Your goal — A verbatim copy of all the data is required, minus any images.

Collected material —
* * * * * * *

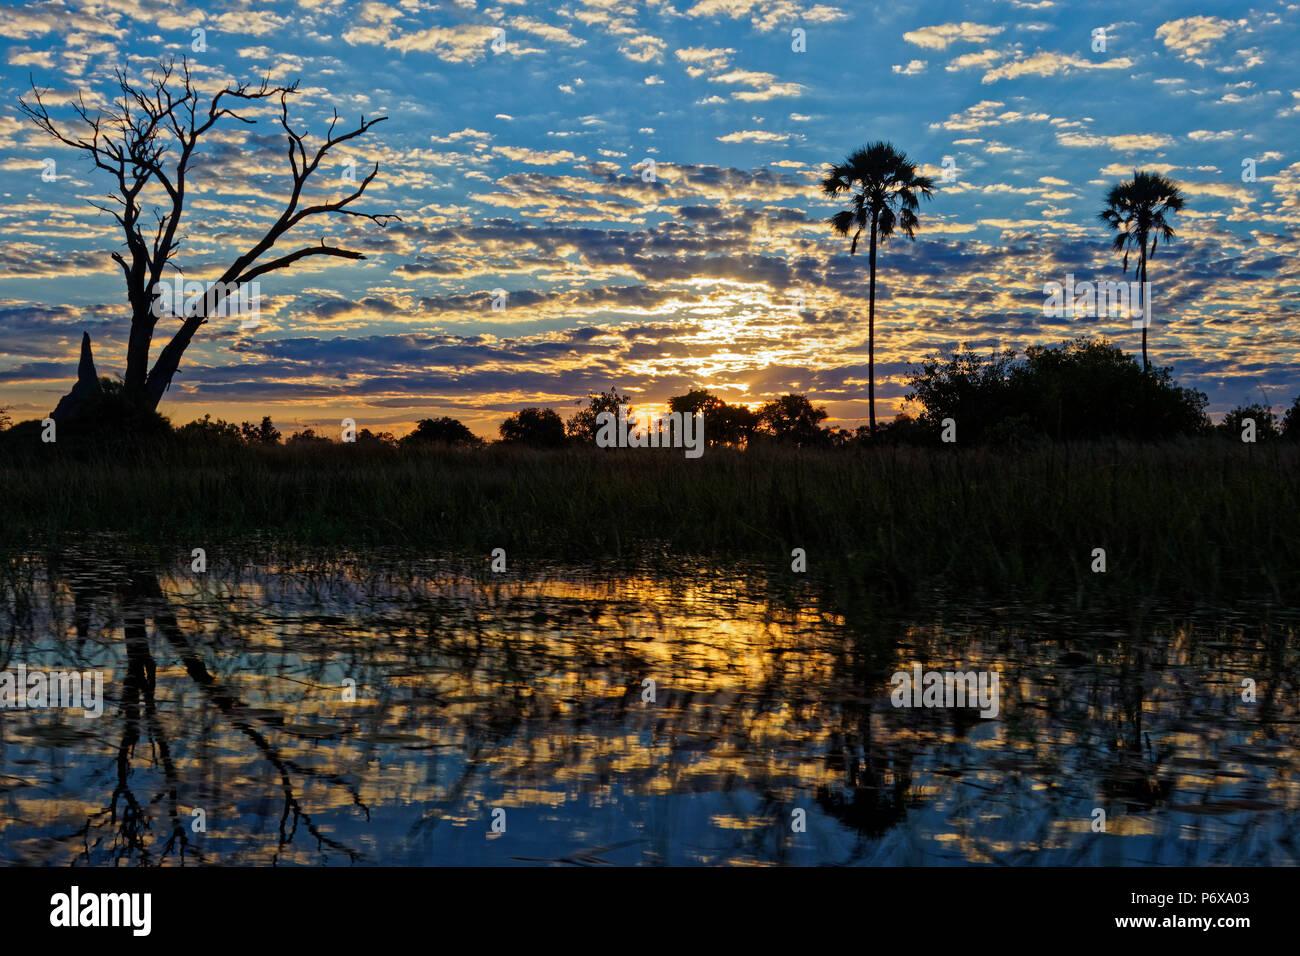 Sunrise in the Okavango Delta, Botswana - Stock Image
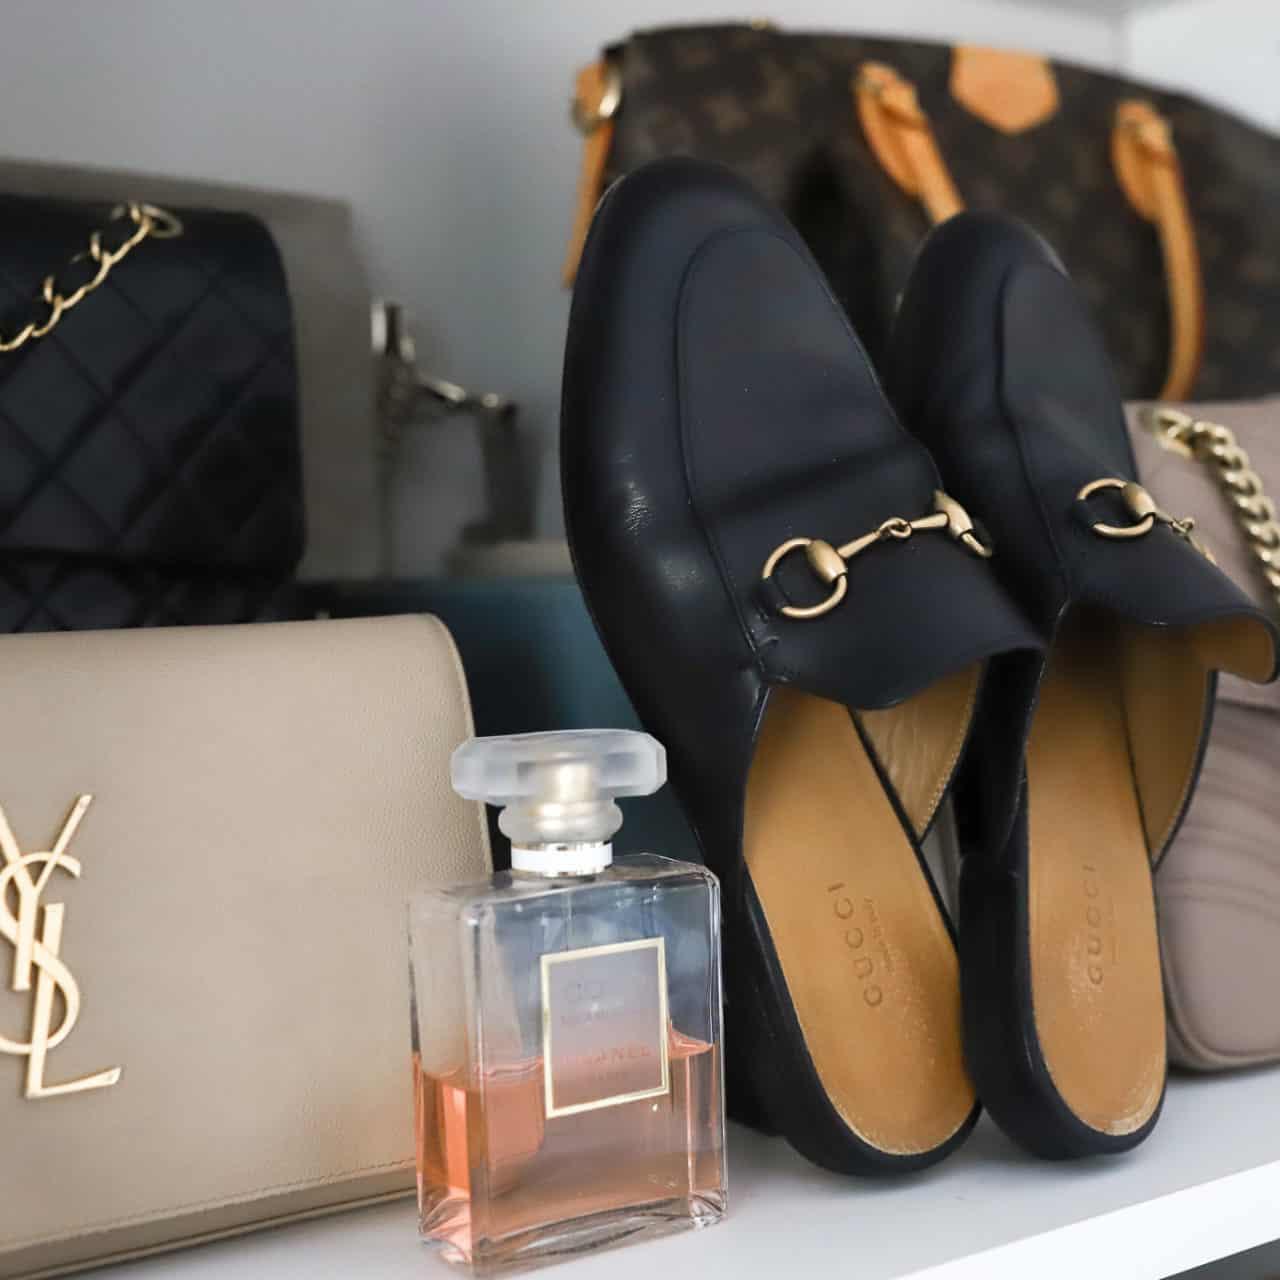 My Designer Handbag Collection & The Story Behind Each Bag
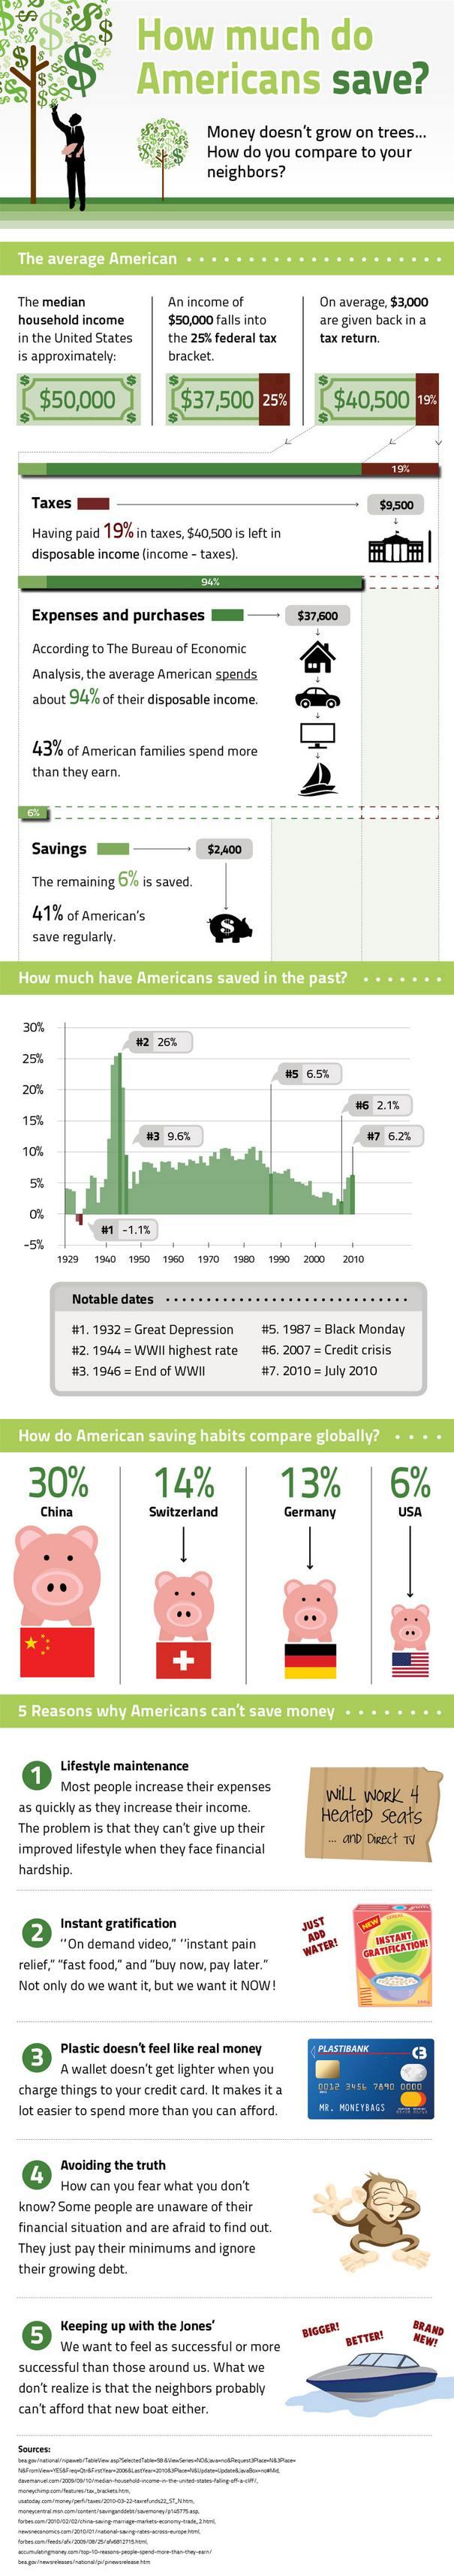 Retirement-Savings-Statistics

* * * * * * *

Solution to the problem —
 Sunrise in the Okavango Delta, Botswana - Stock Image
 My Designer Handbag Collection & The Story Behind Each Bag
 Retirement-Savings-Statistics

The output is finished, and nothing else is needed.